### REQUIRED ACTION
Output, exactly as written, the lines below from the one that has "x crossover ring with diamonds" through the one that has "Ronaldo United Exit: Before"; nothing else, and no pictures.

### EXCERPTED DATA
----------------------------------------

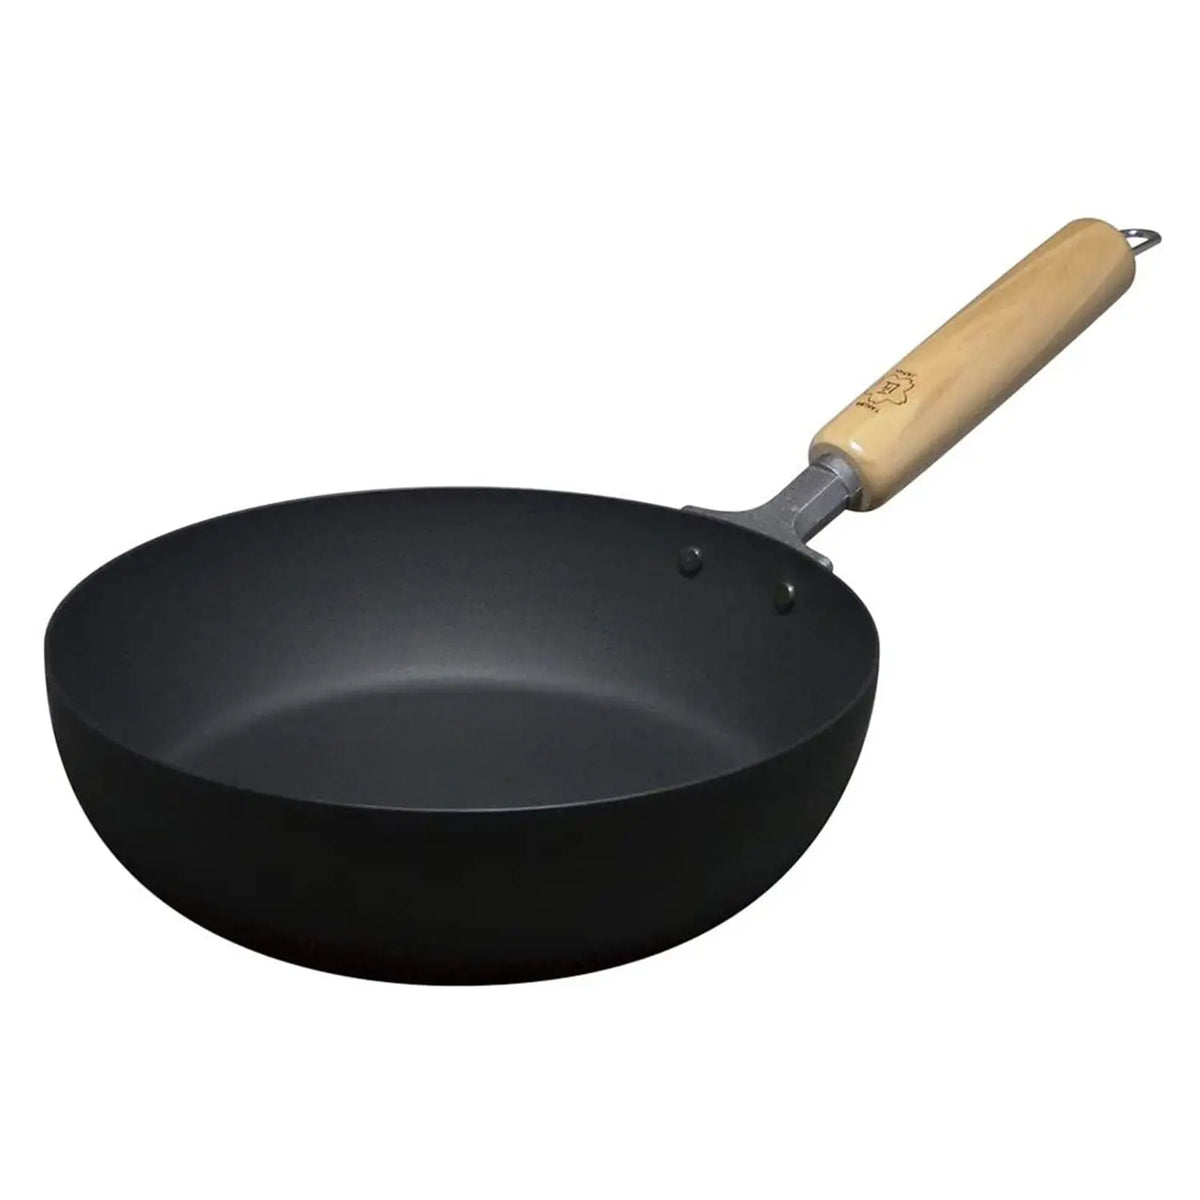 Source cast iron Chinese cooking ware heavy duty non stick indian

----------------------------------------

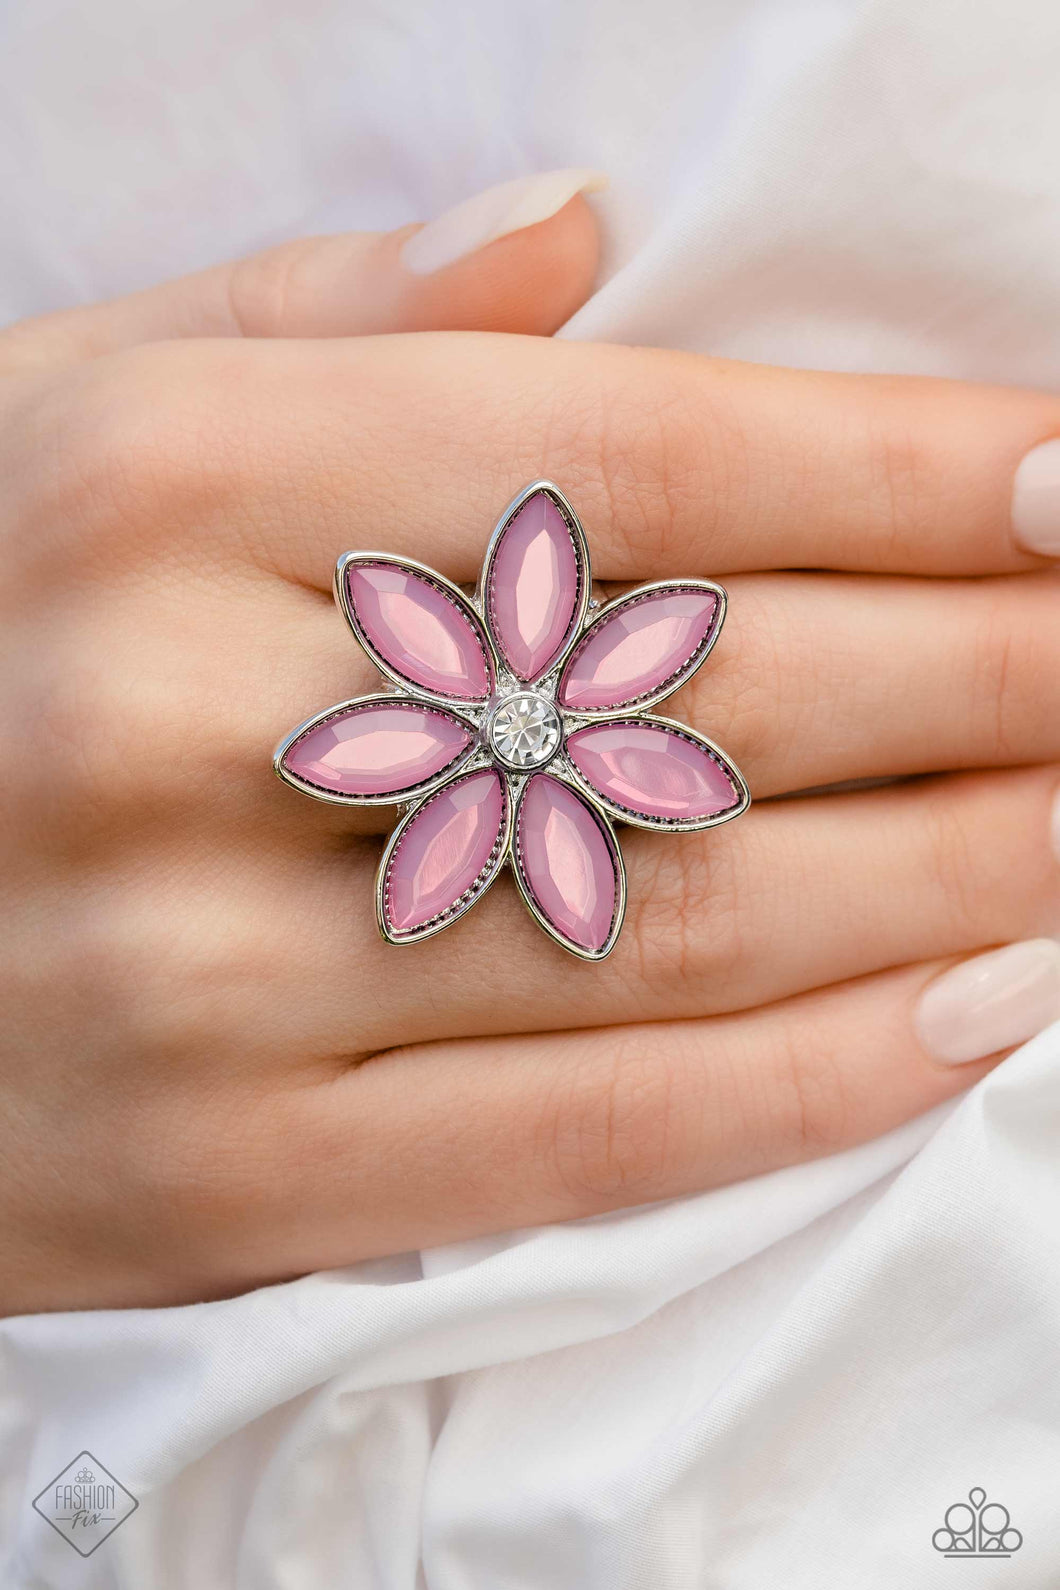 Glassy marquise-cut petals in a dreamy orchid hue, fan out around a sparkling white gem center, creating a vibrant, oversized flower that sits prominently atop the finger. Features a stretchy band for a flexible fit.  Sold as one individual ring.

----------------------------------------

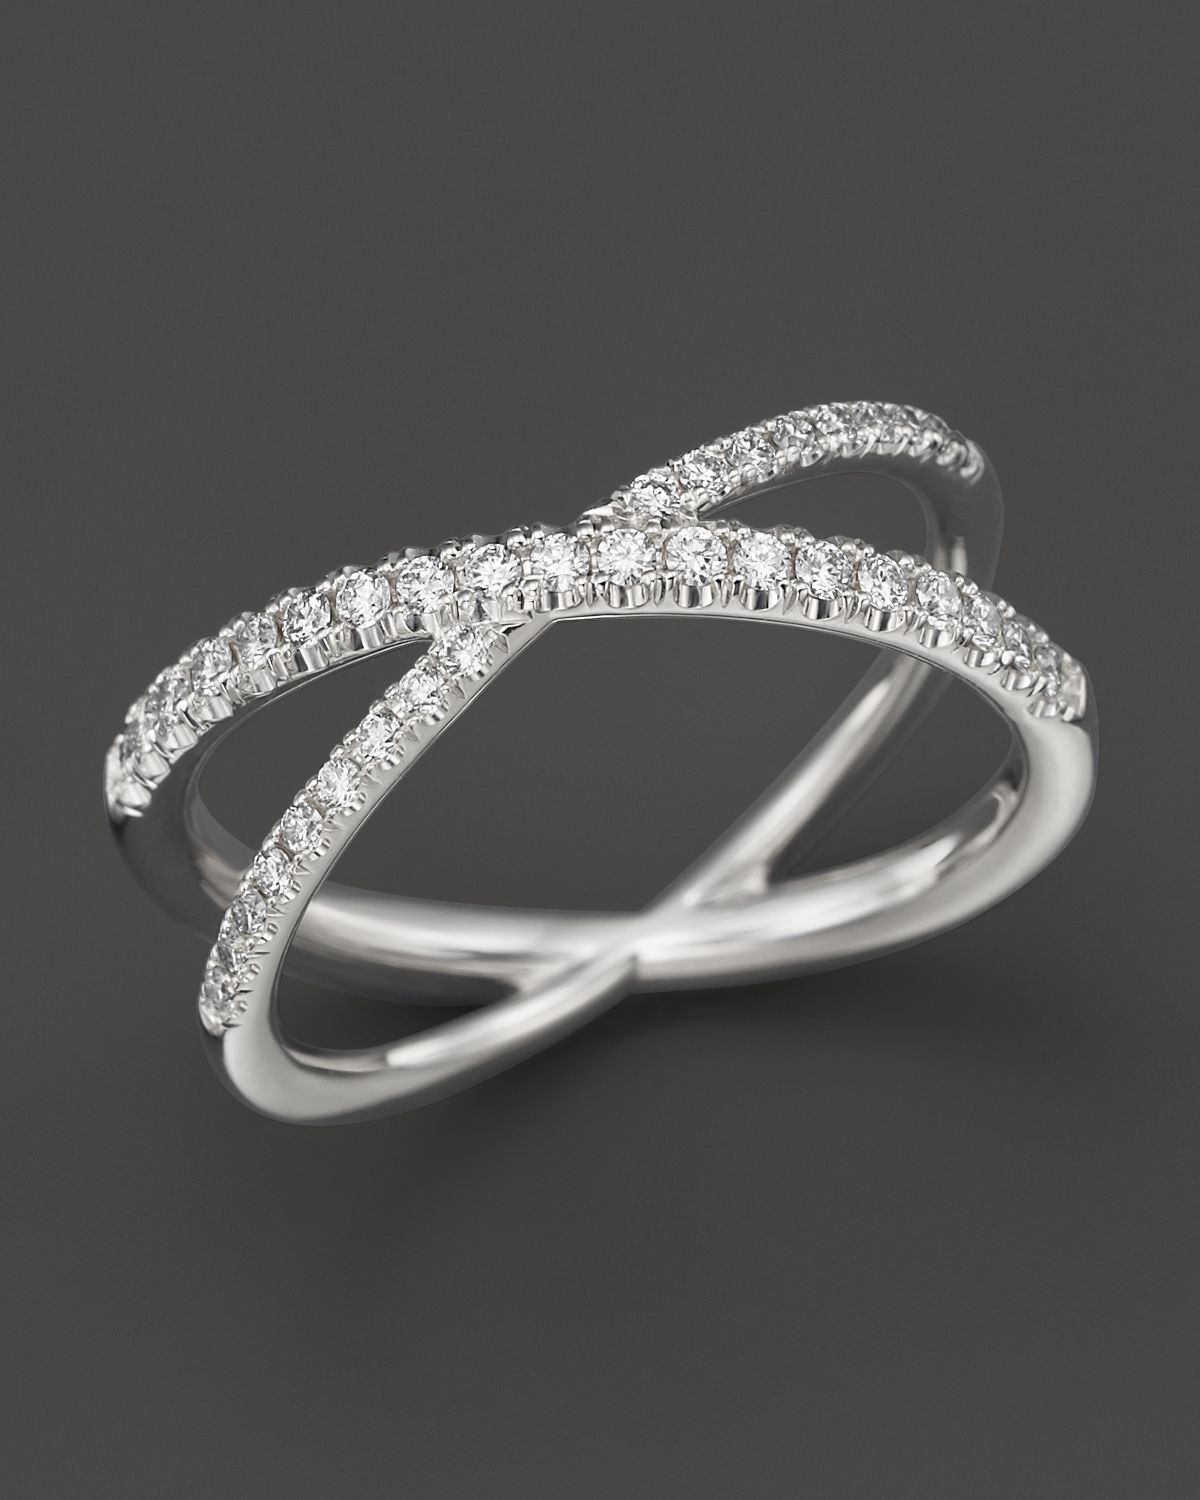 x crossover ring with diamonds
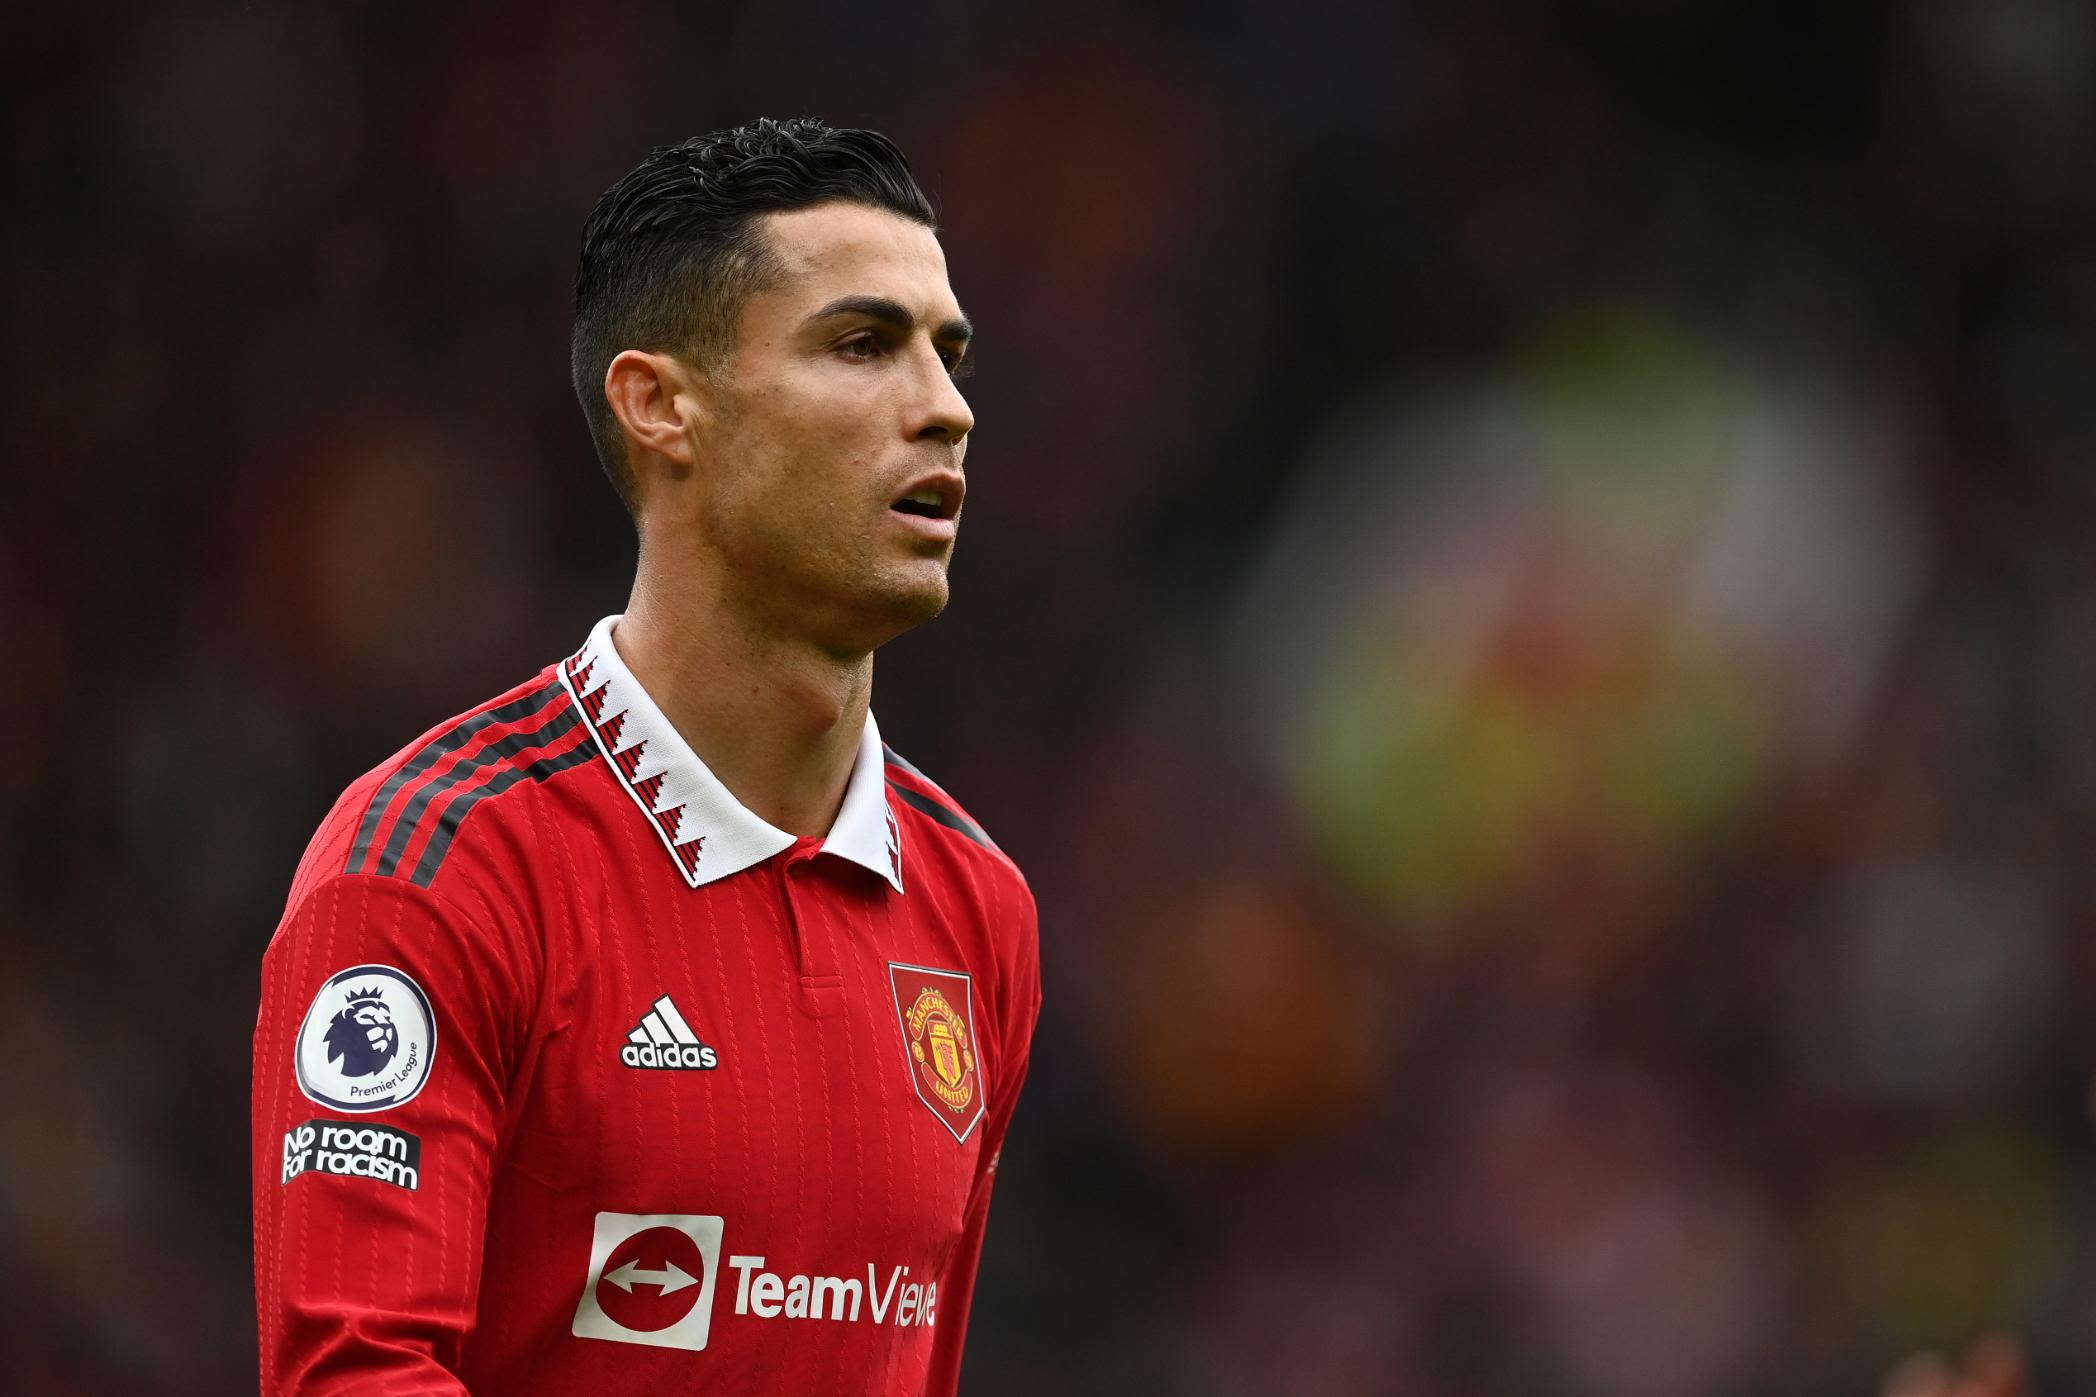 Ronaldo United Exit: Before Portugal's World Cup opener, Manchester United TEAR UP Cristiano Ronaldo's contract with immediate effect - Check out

----------------------------------------

### REPLY
 x crossover ring with diamonds
 Ronaldo United Exit: Before Portugal's World Cup opener, Manchester United TEAR UP Cristiano Ronaldo's contract with immediate effect - Check out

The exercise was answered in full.